Classic Love Story Selection: Ancient Greek love myths

In all love stories, there are both winners and losers. This love story from ancient Greece is one such example. In a certain sense, the love that the handsome youth Adonis felt for himself was no less deep than the love Venus had for him. The only difference was that Venus’s love for him was something society could tolerate, despite a slight difference in status and position. However, Adonis’s passionate love for himself was difficult for others to understand. In fact, this behavior was later labeled “narcissism,” and in psychological research, it is classified as a type of pathological condition. This is quite unfair to the youth himself, for all love, as long as it is love, should not be dismissed or scorned by people.

Of course, Venus’s love for this beautiful youth was also admirable. Her relentless pursuit, her urgent desire, is something that many of today’s proud and self-satisfied young women would find hard to understand. In modern slang, one might say, “If being a goddess means falling for someone like this, I’d rather not be one.”

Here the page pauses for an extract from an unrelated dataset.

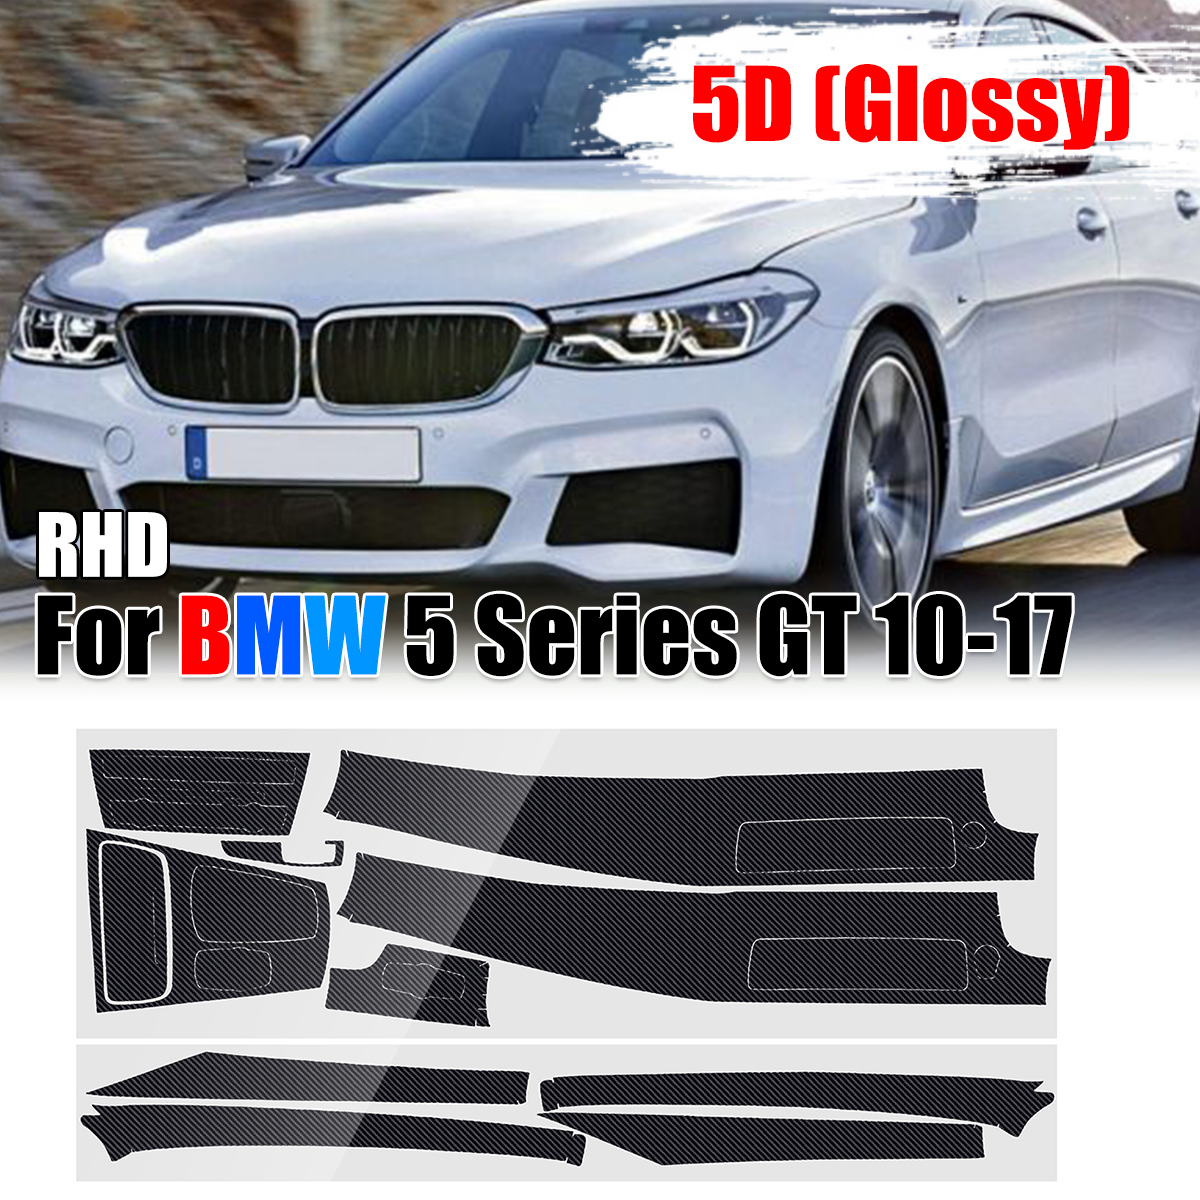 RHD Carbon Fiber Interior Sticker Vinyl for BMW 5 Series GT 2010-2017

Venus, who was utterly infatuated, met with the indifference and cold-heartedness of Adonis. From her perspective, she had simply fallen for the wrong person. But what could she do? Love is not about right or wrong; she just loved him, and there was no way around it. Venus used every method she could think of, and the descriptions of desire in the story are so intense that even today’s men and women might find them provocative. But don’t get the wrong idea—this was Venus expressing her love, and it has nothing to do with lust.

This story opened up a broader space for later love literature. In a certain sense, Adonis was not in love with himself but with a third party. In an even broader sense, all later literary works about love triangles—or even love quadrangles and pentagons—can be traced back to the story of “Venus and Adonis.”